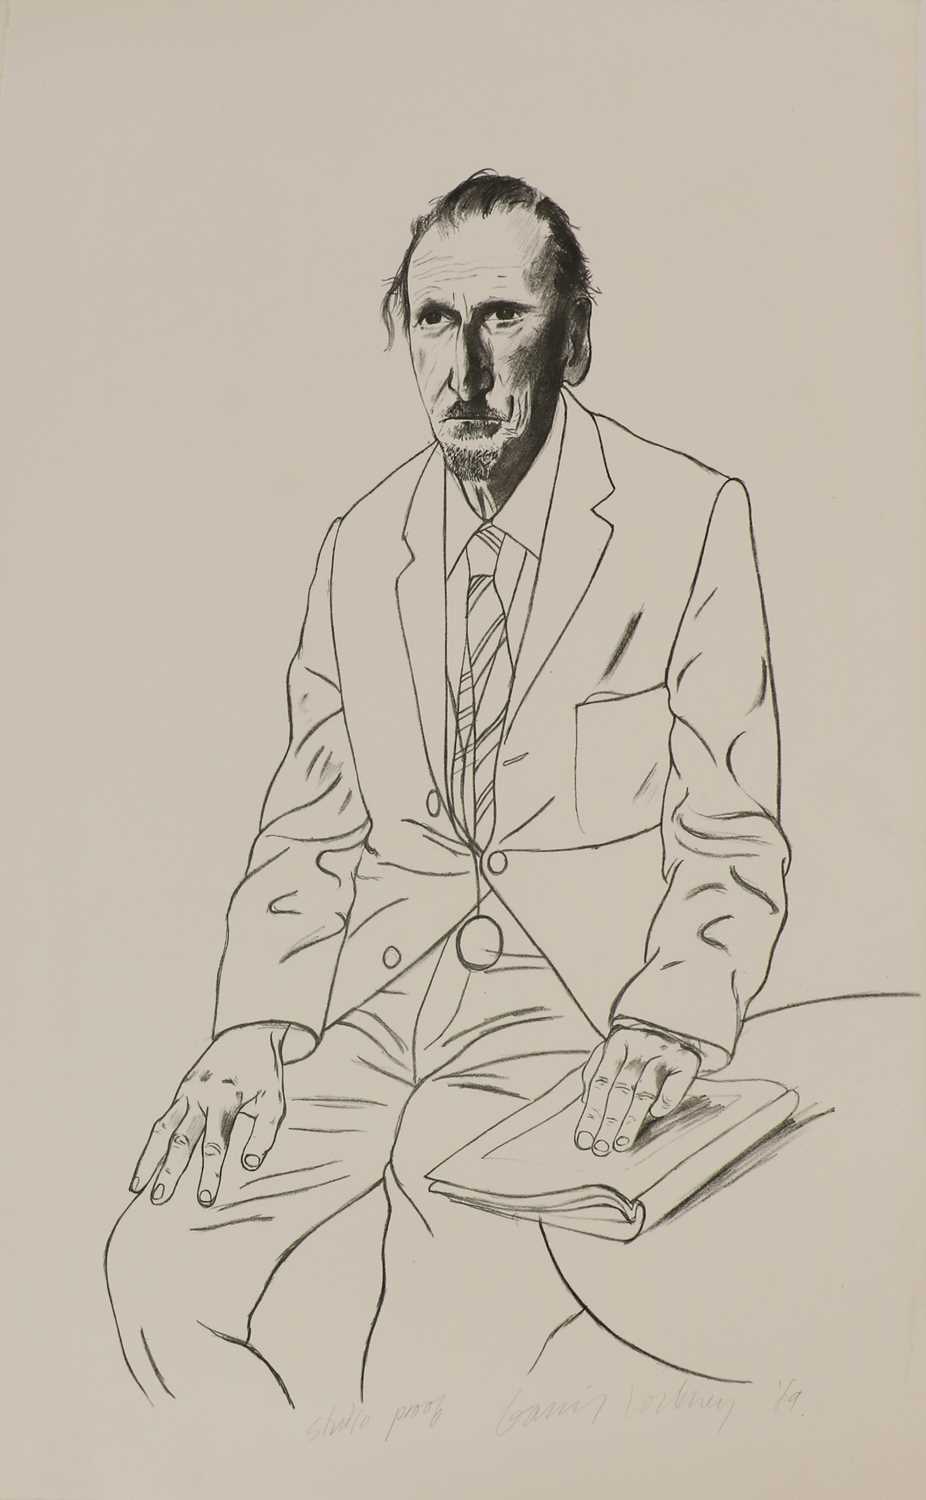 Lot 295 - David Hockney RA (b.1937)
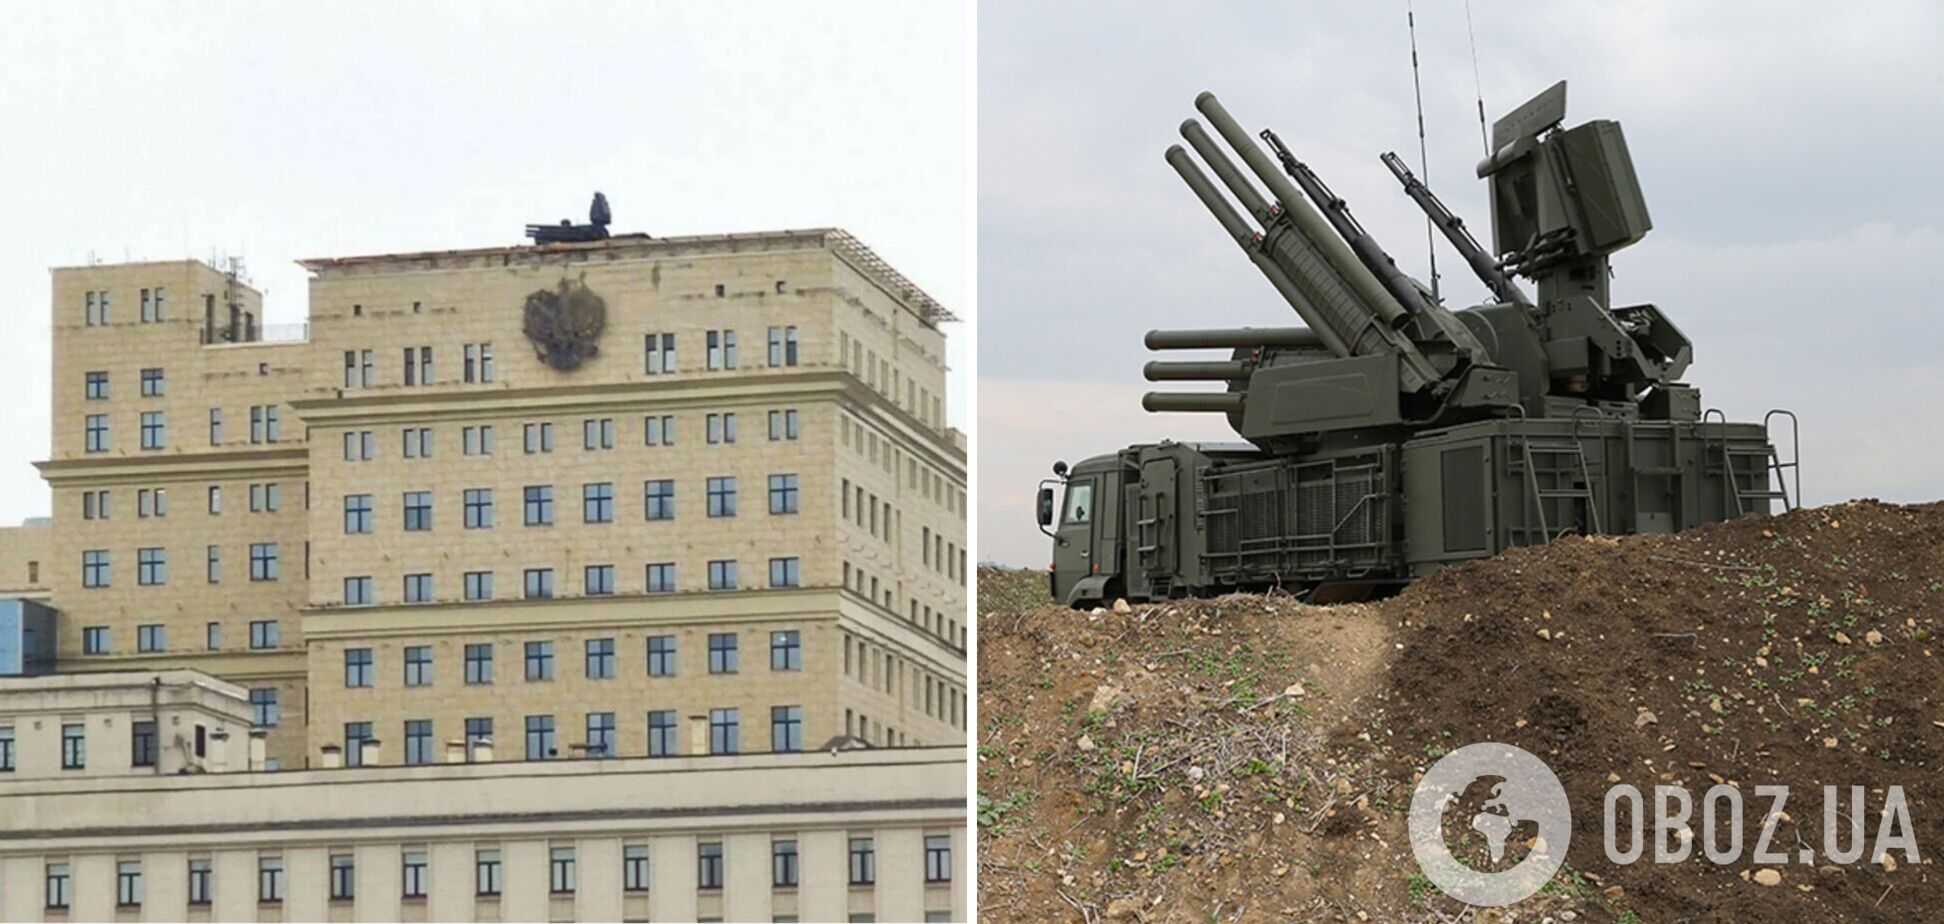 Ніякого куполу над Москвою немає: військовий експерт пояснив 'ефект' від 'Панцирів' на дахах будівель. Відео
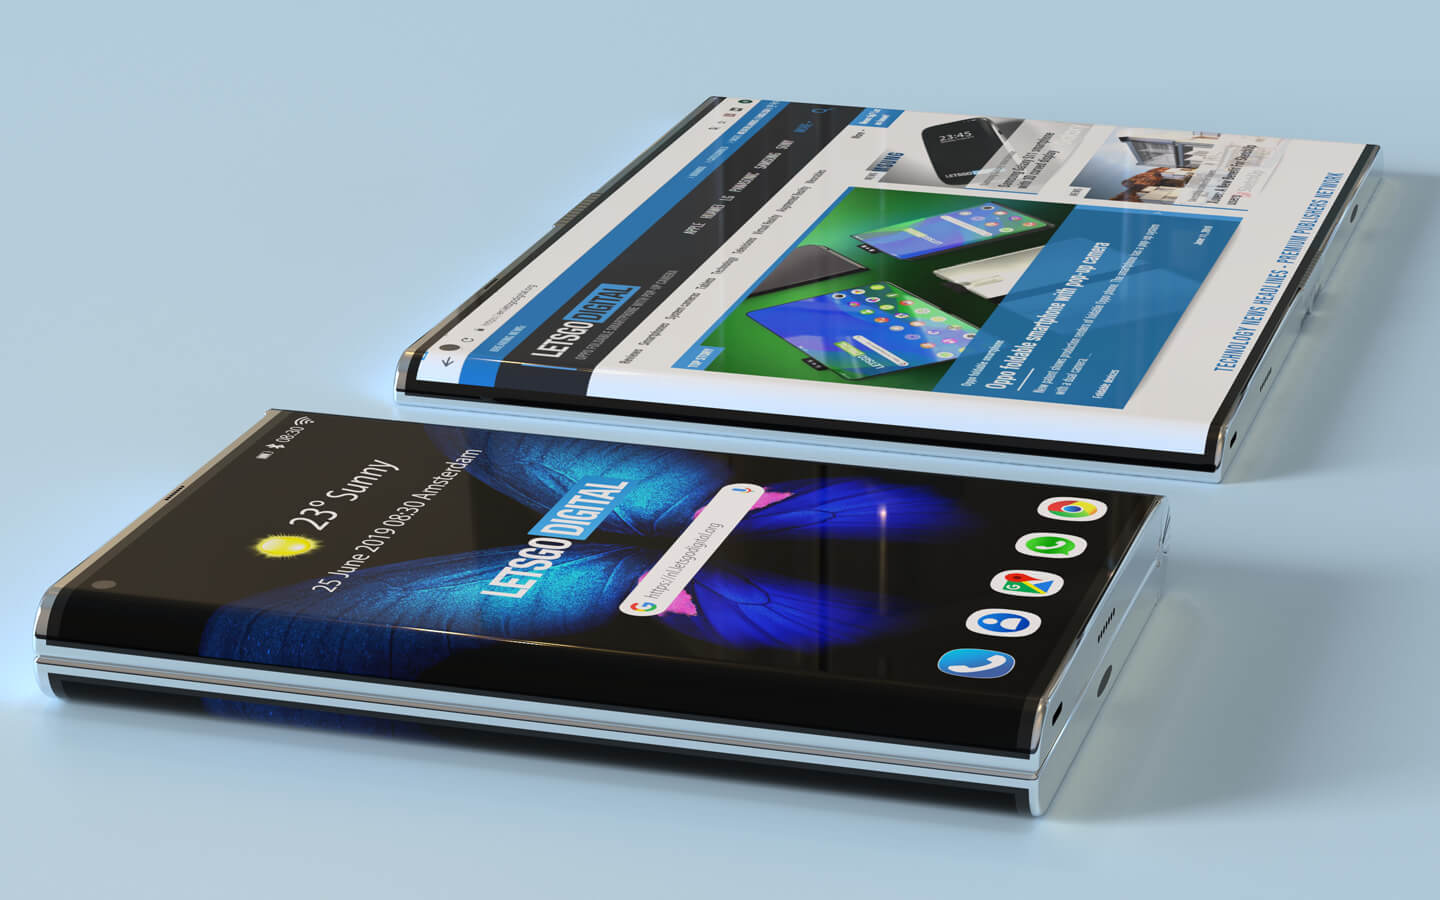 Concept thiết bị màn
hình gập ra ngoài như trên Huawei Mate X
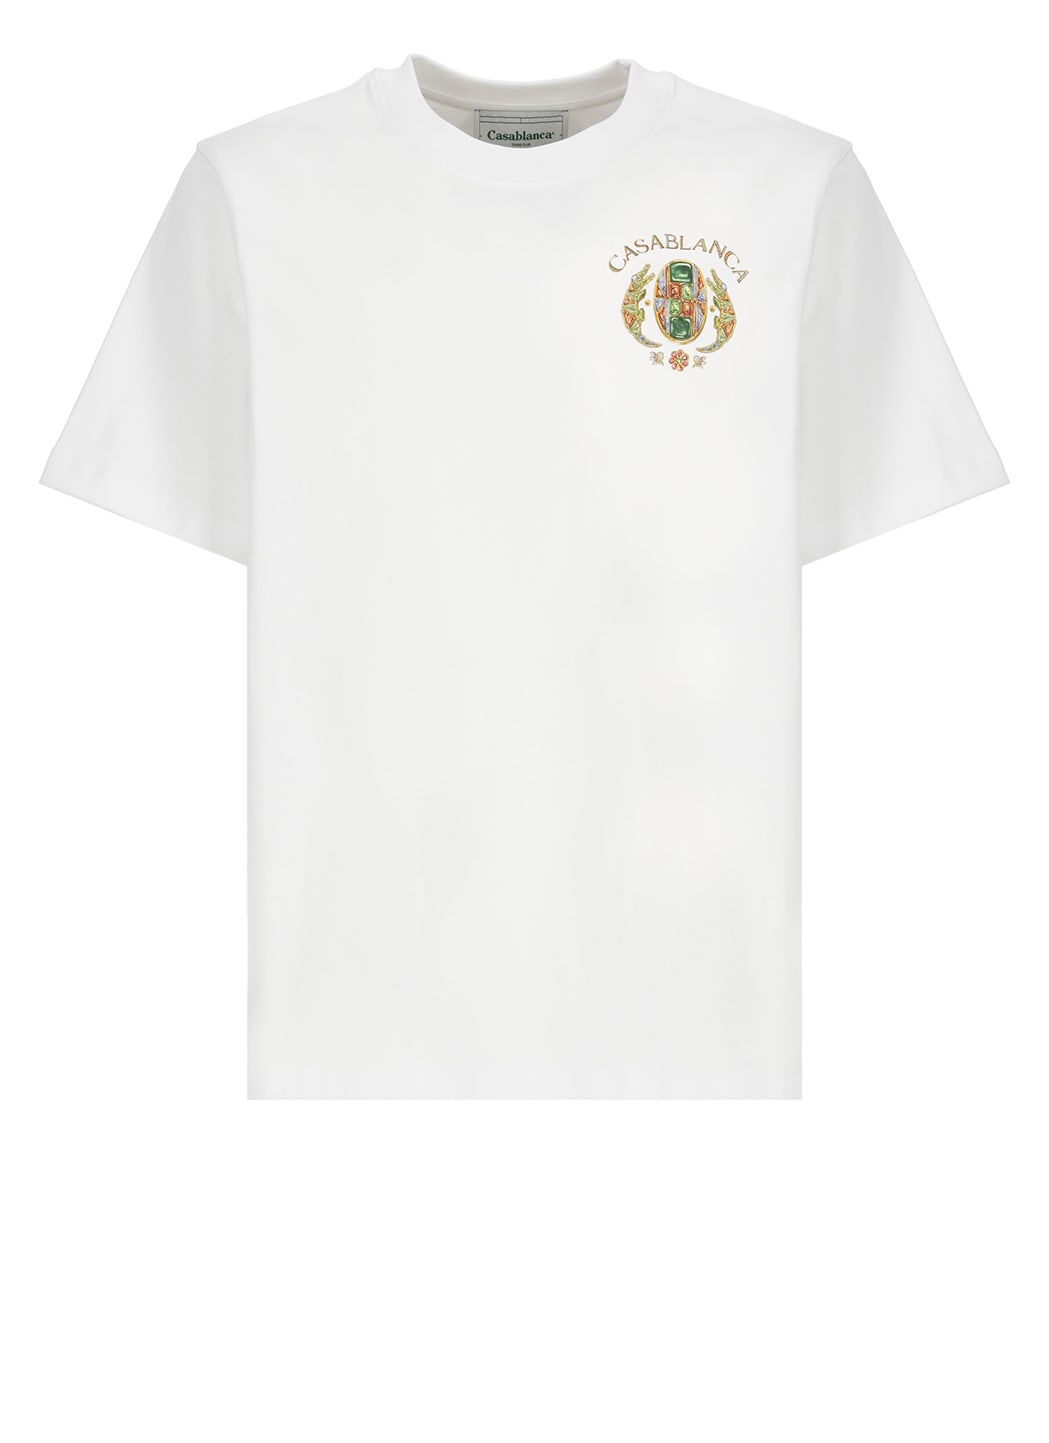 Shop Casablanca Joyaux Dafrique Tennis Club T-shirt In White
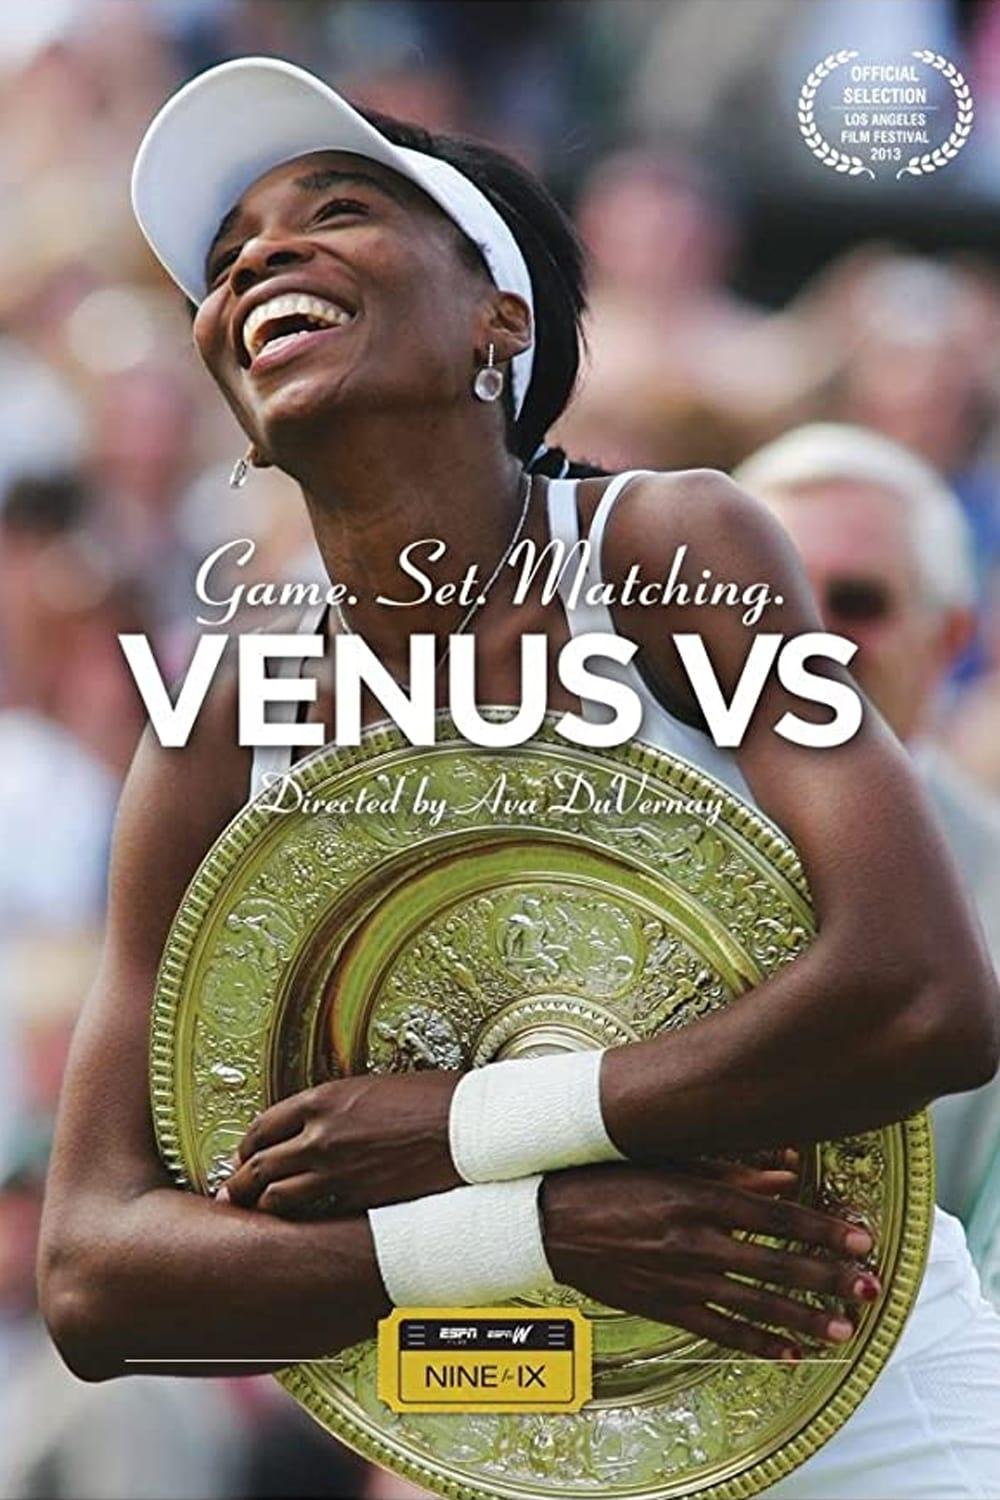 Venus VS. poster
○ ○ ○ ○ ○
WORK ITEM: Retype each line above exactly. Leave the images out.

PROBLEM SOLUTION:
 Lot 295 - David Hockney RA (b.1937)
 Ніякого куполу над Москвою немає: військовий експерт пояснив 'ефект' від 'Панцирів' на дахах будівель. Відео
 Concept thiết bị màn
hình gập ra ngoài như trên Huawei Mate X
 Shop Casablanca Joyaux Dafrique Tennis Club T-shirt In White
 Venus VS. poster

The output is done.